Dear President Trump,
On the evening dog walk I noticed a bedraggled Shasta daisy at the edge of a neglected yard. The daisy is clearly left over from last summer; it’s missing a bunch of petals and looks pretty cock-eyed. But – it’s still standing and that’s both kind of awesome and kind of disturbing. We’ve had several hard freezes so it’s not as though the winter weather has been consistently balmy, but it sure seems odd that a summer flower could still be intact this far into January.
Moving on from this, for now, I want to lambast you over the horrible wall battle. I thought maybe I’d already accused you of using it for distraction purposes, but I checked my file and apparently I haven’t, so I will now – I think you are making such a stupid-ass big deal over the wall because it’s a terrific distraction from all the shit that’s hitting all the fans pertaining to the Mueller investigation and the shady, “what the hell is that about?” decisions you’ve been making that are good for Russia.
It would be one thing if you were using something flashy, but not especially impactful, as a shiny object with which to manipulate everyone’s attention. You’ve done that so many times that it would be just one more annoying, frustrating episode of the D. Trump reality show. But this is different. You are f*cking with real people’s ability to feed their families and keep roofs over their heads and you are causing vital government functionalities to fail, compromising the health and well-being of millions of people and vast tracks of wild lands.
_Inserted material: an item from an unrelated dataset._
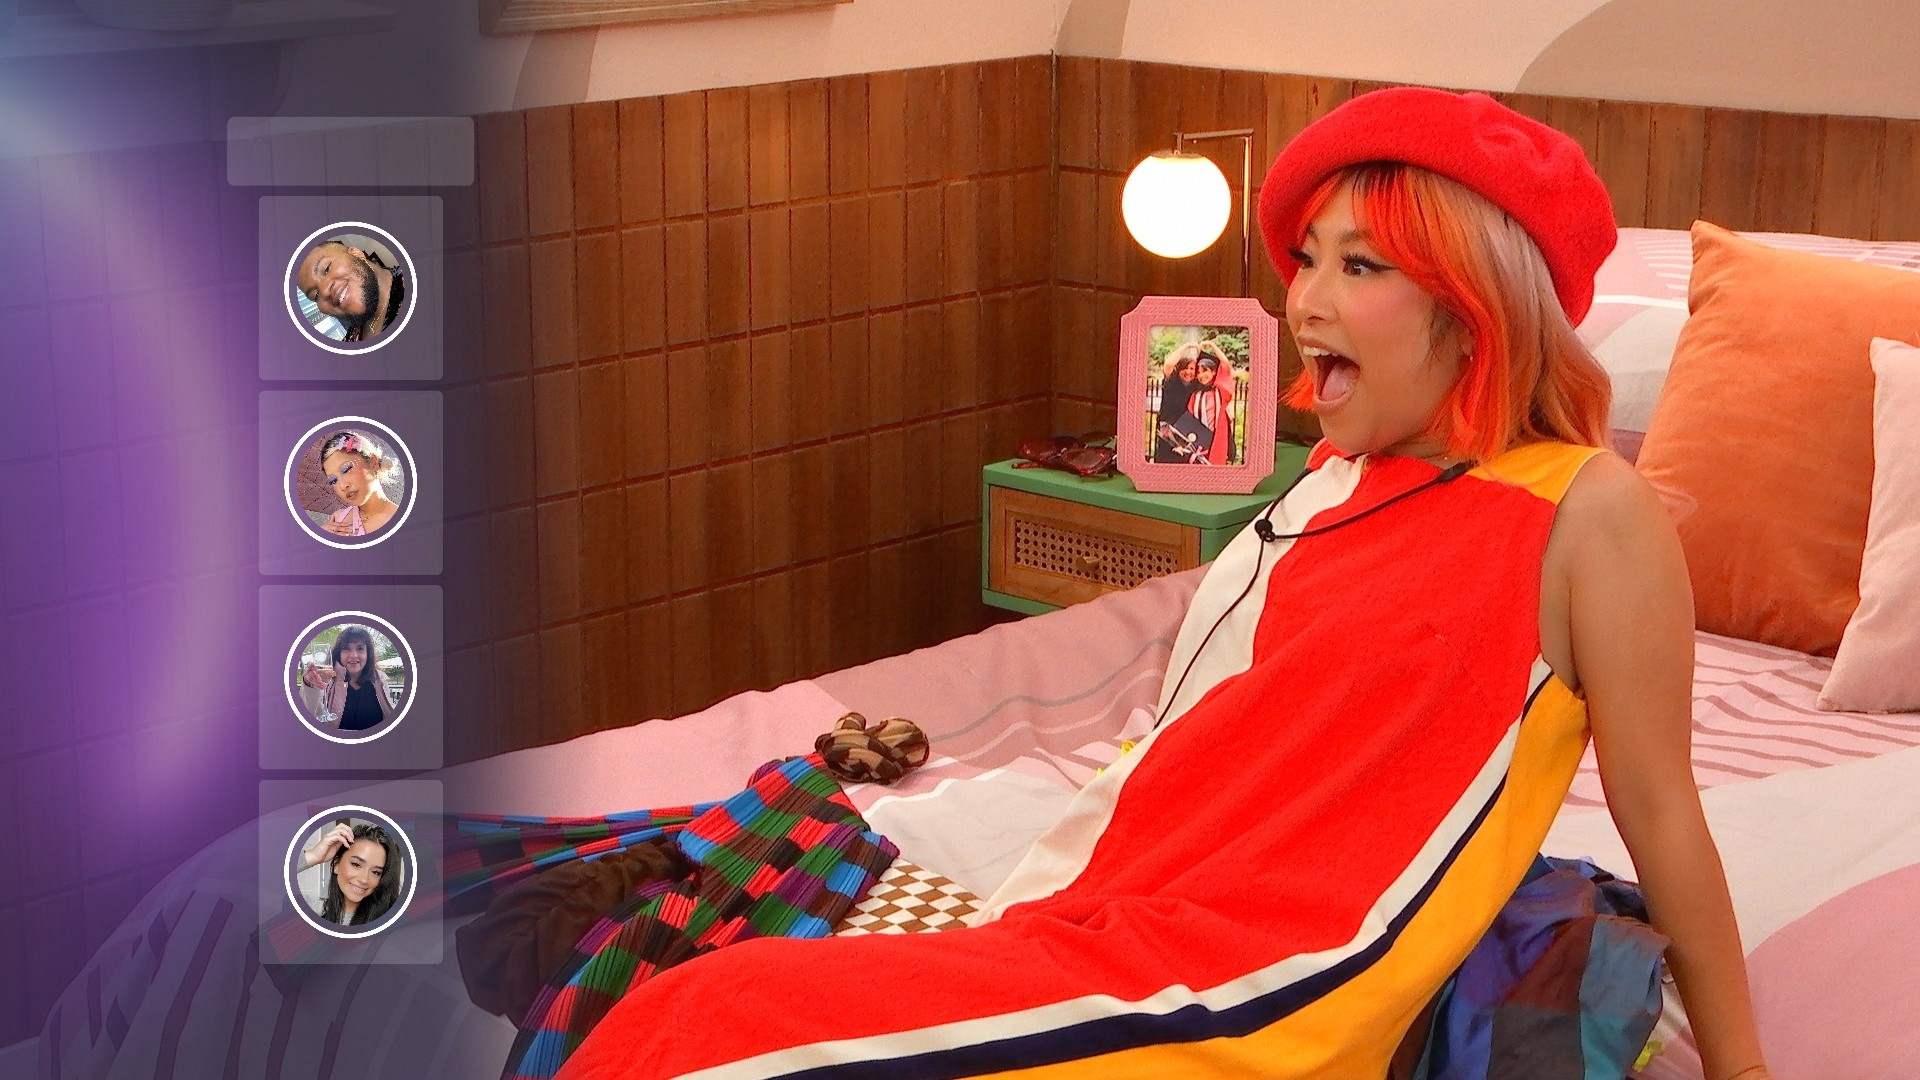 Person in bed dressed as character Judy Funnie from the cartoon &#x27;Doug&#x27;, looking surprised. Icons of other characters to the left

For what? Yes, nominally to appease your base with the prospect of a wall you’ve convinced them they personally need. But really, truly, you couldn’t ask for a better shiny (abhorrent, disgraceful, pathetic, vile) object with which to batter the American peoples’ morale. We are beside ourselves with impotent rage, desperately trying to hold things together so we can’t pay much attention to what else you are doing. Both the withdrawal from Syria and lifting sanctions on Russian players got buried in nanoseconds and these are just two recent examples of things that probably make Vladimir smile that creepy “I know where your child goes to preschool” smile of his.
May we be safe from you and Vladimir.
May we be happy to check your powers and get you out of office.
May we recognize that everyone’s (really, truly – everyone’s) health depends on limiting your powers.
May you not start a war if your current shiny object fails you.